#### Task
Within the listing that follows, reproduce exactly the lines starting at the line with "2007 Ducati 848_0016_DSC_1210.jpg" and ending at the line with "SNOWS / Brand Website", inclusive, and only those. Pictures are dropped.

*** Opening Data for review ***

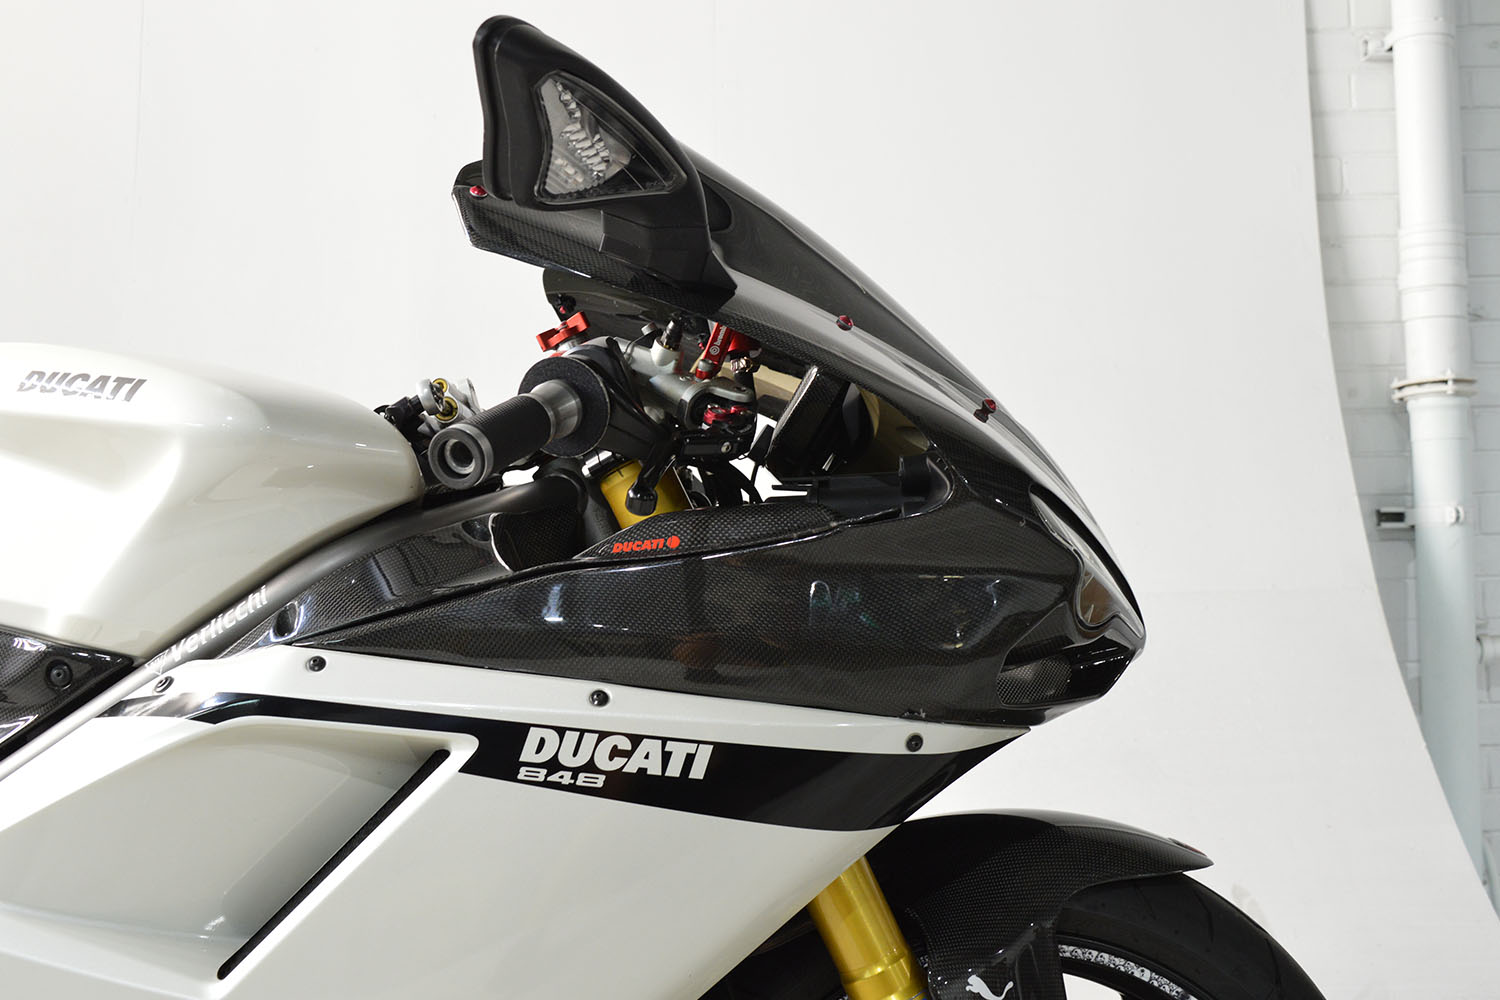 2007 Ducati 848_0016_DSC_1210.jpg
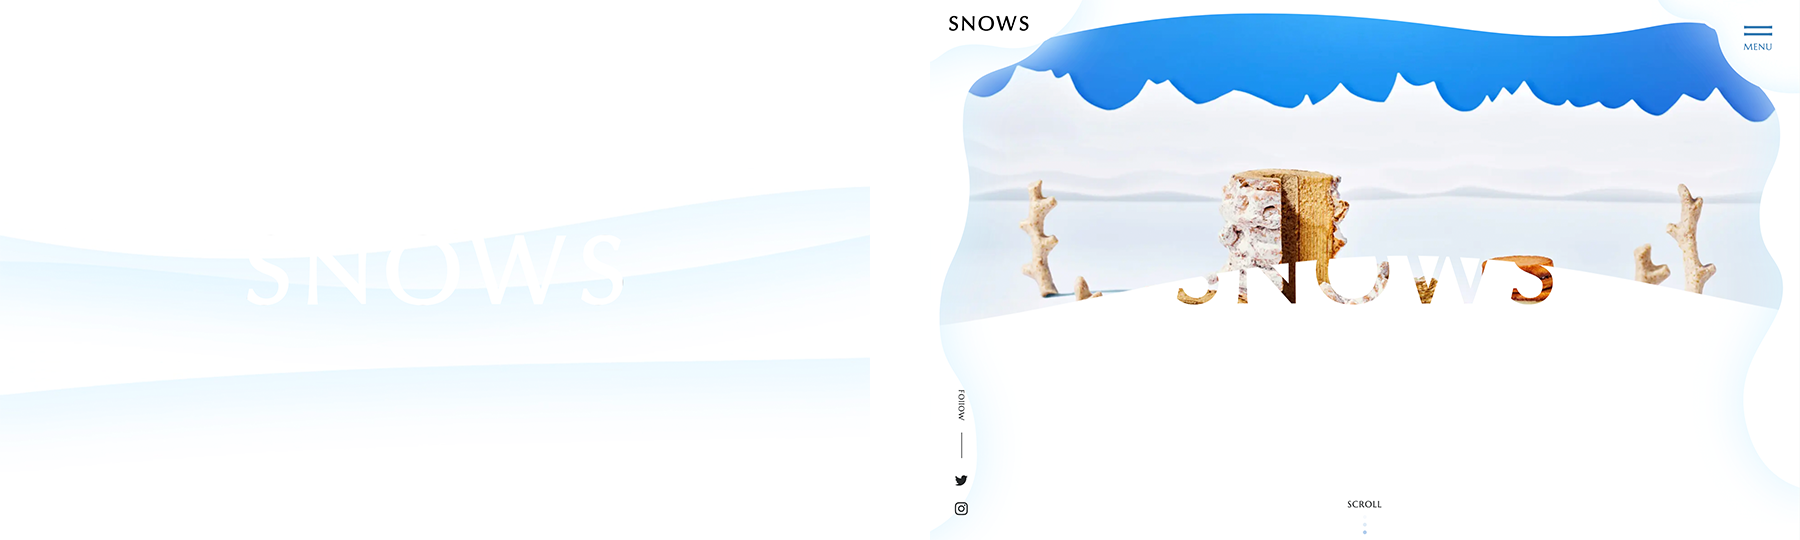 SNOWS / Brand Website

*** Closing Data for review ***
*** Opening Data for review ***

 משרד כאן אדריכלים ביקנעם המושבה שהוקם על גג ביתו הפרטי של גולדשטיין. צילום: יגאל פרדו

*** Closing Data for review ***

#### Problem solution
 2007 Ducati 848_0016_DSC_1210.jpg
 SNOWS / Brand Website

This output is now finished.